All you really need to know about Jo is that she is frustratingly, face-punchignly, effortlessly stylish and cool and incredibly nice. Vogue loves her streetstyle. We all love her blog.
As fashion inspiration comes there are all sorts; the sleeve on an album, the opening to a book… The Sweeney was a programme I watched as a tot and its fashionable allure has hovered over me ever since. For those of you that don’t know The Sweeney, it’s an early 70’s cop show. Set in post flower power inner-city London our two boys, Regan and Carter, race round the metropolis lobbing themselves over walls and through warehouses in pursuit of the city’s scum. It’s gritty and rough and the punch lines are full of ‘Oi!’s and ‘You’ve been nicked ! ‘. It is brilliant. What’s also brilliant is the fashion. The whole feel of the show is a very brit-rock; think Kate Moss and Rolling Stones and a time when it’s still deliciously sexy to smoke. It’s a grainy look, a yellowed tinge on every frame of the episode.

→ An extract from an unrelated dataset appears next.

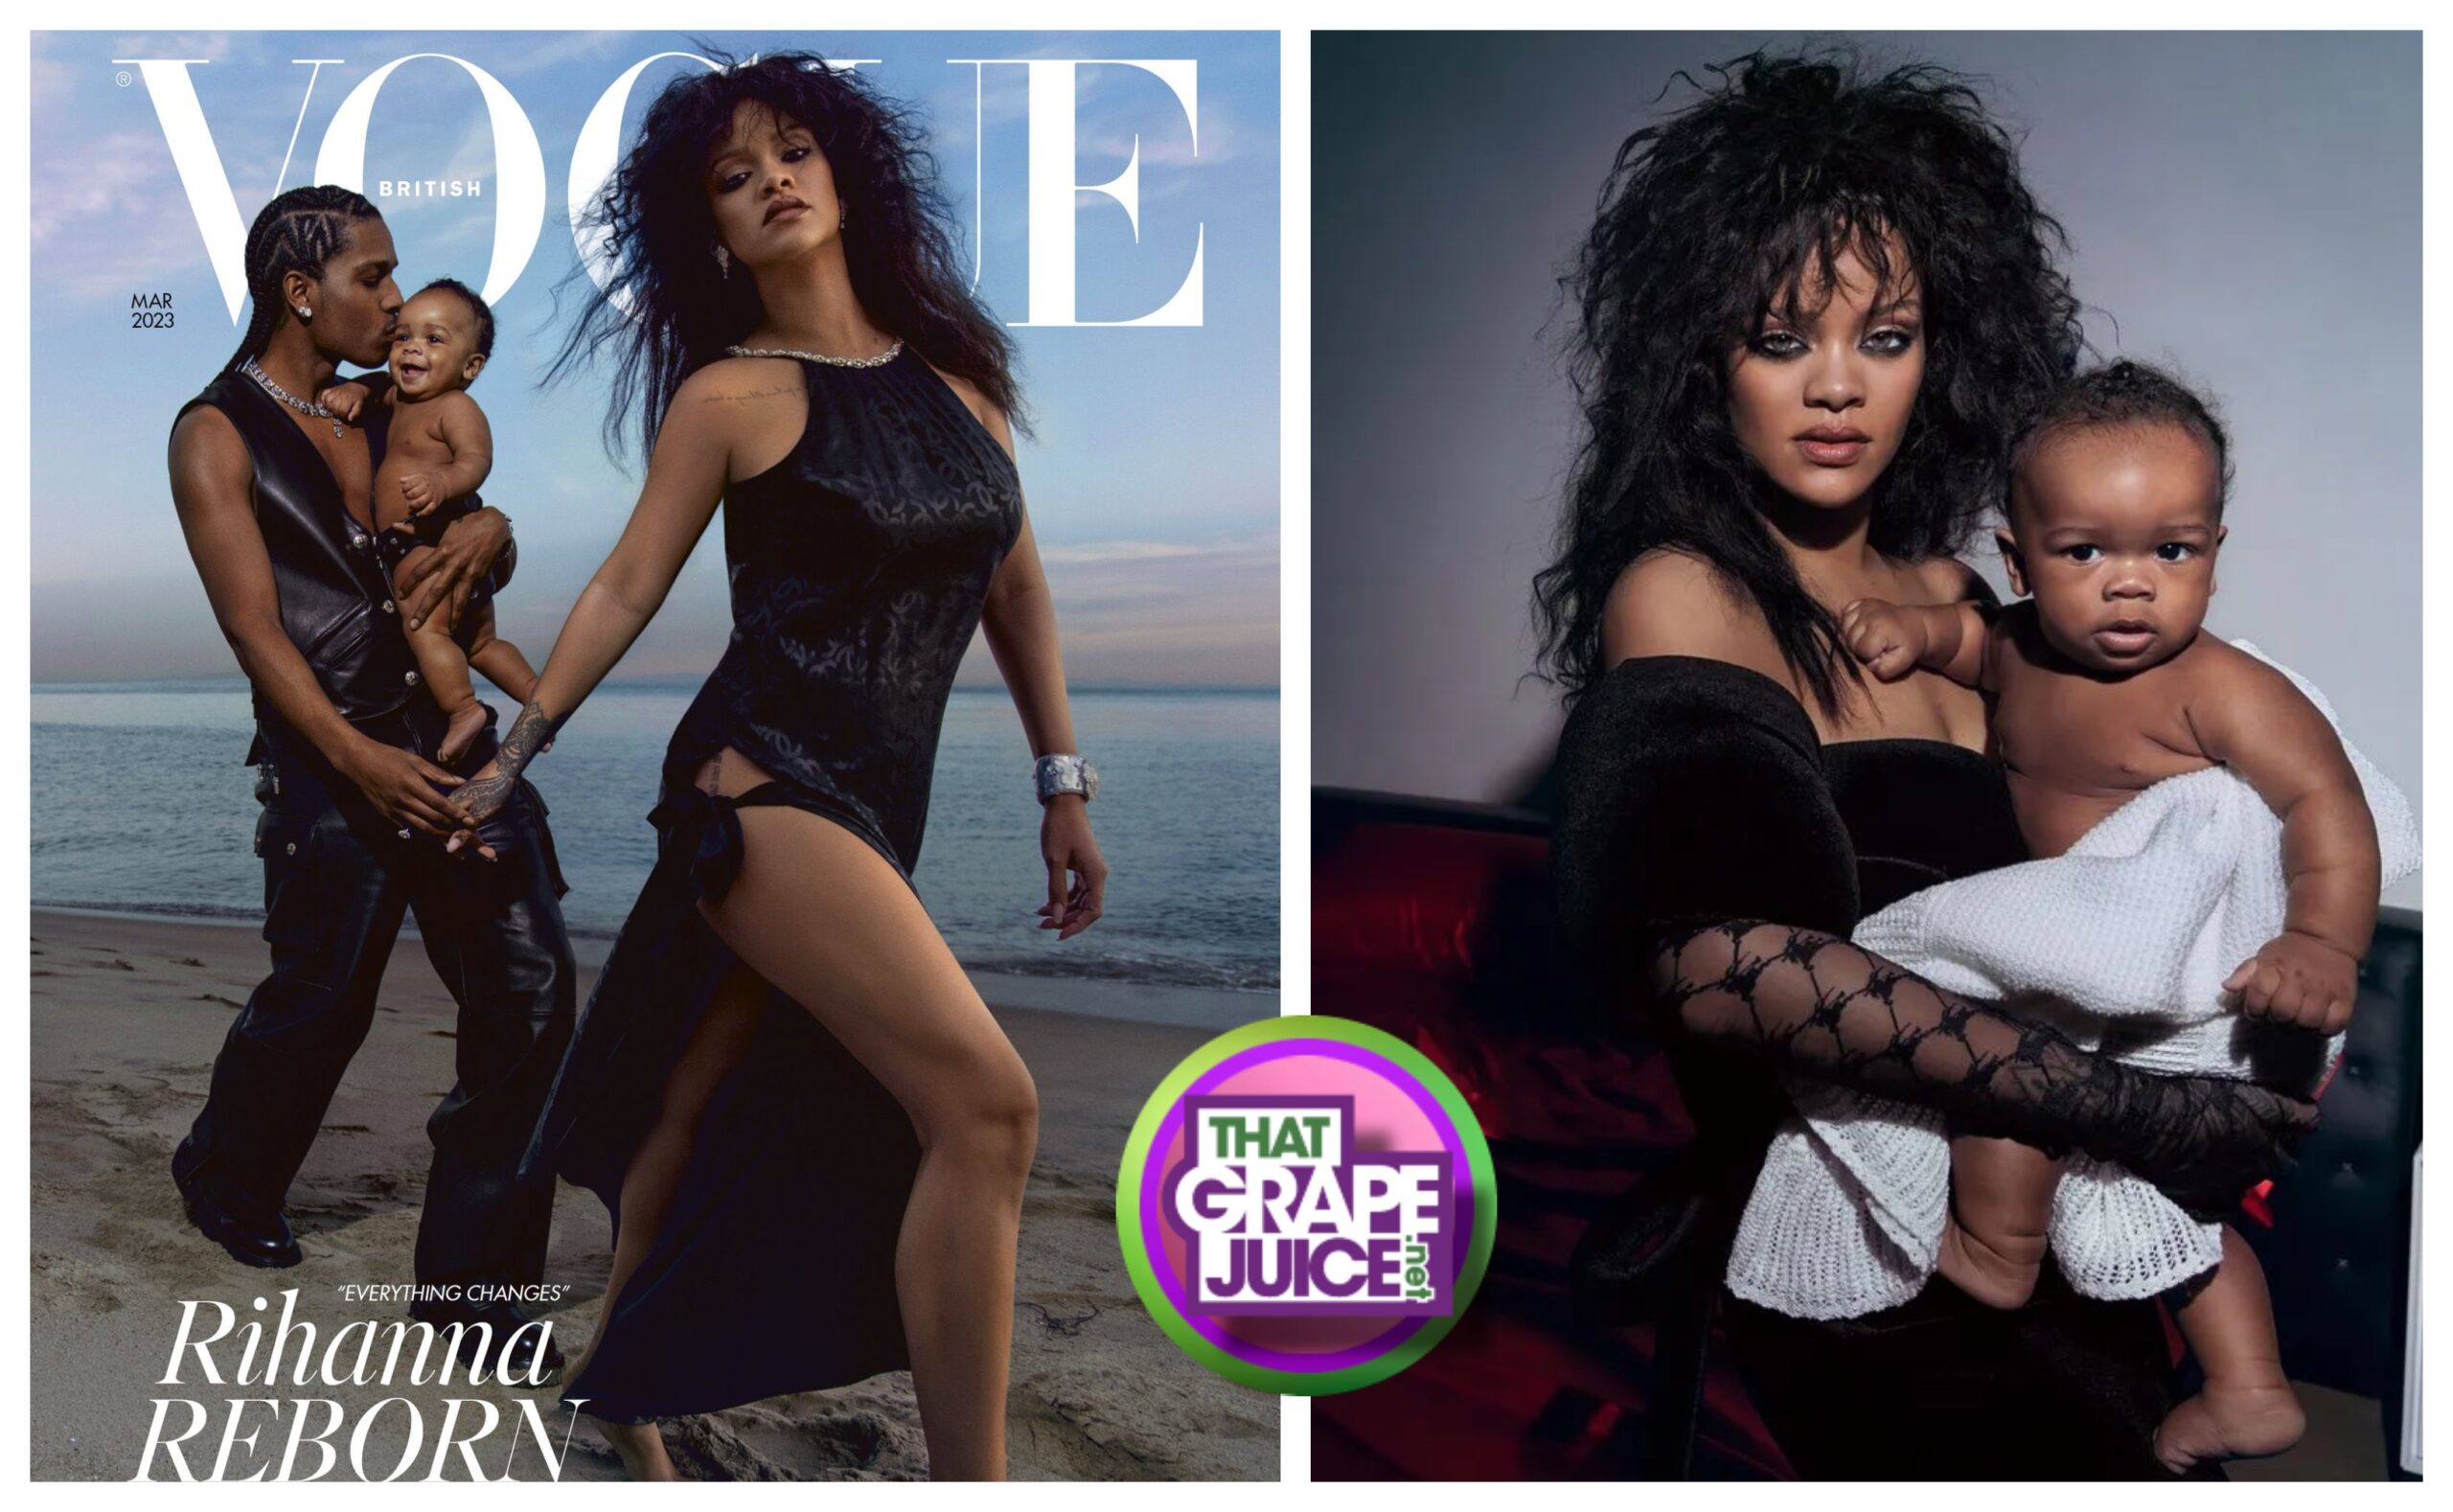 Rihanna Covers British Vogue with Baby Boy, Spills on Wanting New Album Out “THIS YEAR,” Last Minute Decision to Headline the Super Bowl, Motherhood, & More

Regan and Carter are always suited up – shirt, tie, tweed- no matter how ruffled and tumbled they get in the thick of the chase the suit jacket is impermeable (although the tie may be loosened and taken off back at the station for questioning). Juxtaposing the bill the bad guys don jeans, bomber jackets and the occasional cowboy hat. Genius. The good guys always in powder blues and navy, the bad guys in cheap beige and gaudy checks. The women are deliciously groomed in jewelled toned polo necks, fleeing the scene in kitten heels and swathes of suede, all cropped hair, cigarettes and faux fur. The cars were as much an accessory as the guns and one liners – I still hope and dream I’ll own a copper brown’ Mk1 Ford Consul GT someday.
The series impressed upon me the importance of a rough edge to an outfit; pairing a delicate tea dress with tough ankle boots, the importance of lipstick with skinny jeans, the feminine with the distinctly unfeminine. It’s a look that has been reborn throughout pop culture and will continue to do so because it’s just so damn cool. And that is what The Sweeney boils down to. It is effortlessly cool from the very swagger and snarl of our two boys, the contrast of shoot outs against the backdrop of London Bridge and useless coppers, wailing sirens and those crisp shirts and a tie blowing in the wind.